The glass maker also uses another form of spring tool in taking hold of hot glass or pinching hot glass to form. These are the tongs.

The battledore, or palette, is a flat board of wood with a handle, used for flattening and trueing the bottoms of jugs or decanters, etc.

The chest knife is a flat bar of iron, usually an old file, used for knocking off the waste glass remaining on the blow-irons and pontils after use. A chest or iron box is kept for collecting such waste glass for further use. A pair of compasses, calipers, and a foot rule complete the glass maker’s outfit of tools.

Making a Wine-glass. The manipulations in the manufacture of a wine-glass will now be described. A common mule wine-glass is formed from three distinct pieces of glass: (a) the bowl; (b) the leg; (c) the foot.

A wine “shop,” or “chair,” consists of three men; a “workman,” whose main work consists of finishing the wine-glass; a “servitor,” who forms or shapes the bulb; a “foot maker,” who gathers and marvers the glass; and a boy who carries away and cleans the blow-irons.

The “footmaker” of the “chair” gathers on the end of a blowing-iron sufficient glass to form a bowl. This is then shaped on a marver until the required shape is obtained. The footmaker then blows this out to a hollow bulb similar in size to the pattern to which he is working. When the bulb leaves the footmaker it is the shape of the bowl of the wine-glass.

This is then handed over to the servitor, who drops a small piece of hot glass on to the end of the bulb, and heats the whole by holding it in the furnace. This serves to make the joint of the two pieces perfect. The servitor next proceeds to draw out the leg from the small piece of glass at the end of the bulb, leaving a button of glass at the end of the leg. The servitor then dips the end of the leg into the molten glass within the pot and gathers on sufficient glass to form a foot. He spreads this portion of the glass out to the required shape and size with a pair of wooden clappers, with which he squeezes the hot glass to form the foot.

The servitor has now done his part of the work, and the glass is handed to the workman. It is then cracked off, and the foot caught by a spring clip arrangement attached to a pontil, called a “gadget.” The workman now re-heats or melts the top edge of the glass by holding it within the furnace, and when it is hot he cuts off the surplus glass with a pair of shears. A line is chalked on at the correct distance from the foot, and guides the workman in cutting the glass to the proper height. He then melts the top again and opens it out with his spring tool to the required shape, after which the glass is taken to the annealing lehr by the boy, to be annealed.

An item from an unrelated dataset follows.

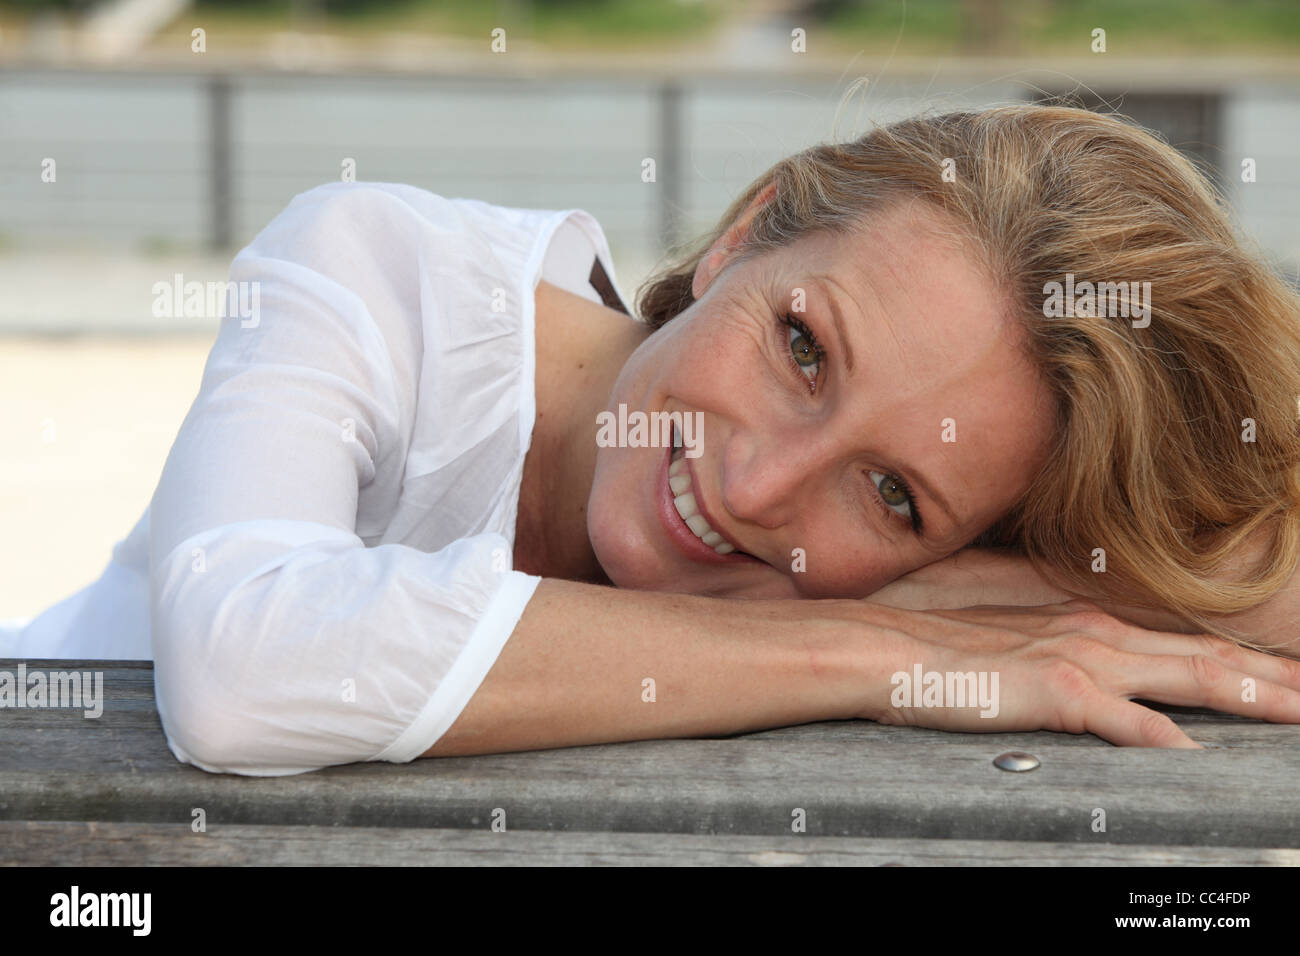 Closeup of a smiling woman sitting outdoors Stock Photo

Other forms of wine-glasses are made, and various methods are adopted, according to the district and class of workmen.

For instance, the method of making the above common mule wine-glass varies in different districts. Instead of gathering the metal for the foot upon the leg of the glass, the workman may drop a piece of hot glass, which has been gathered by the servitor, on to the button at the end of the leg, and by means of a pair of wood clappers spread the hot glass to form the foot.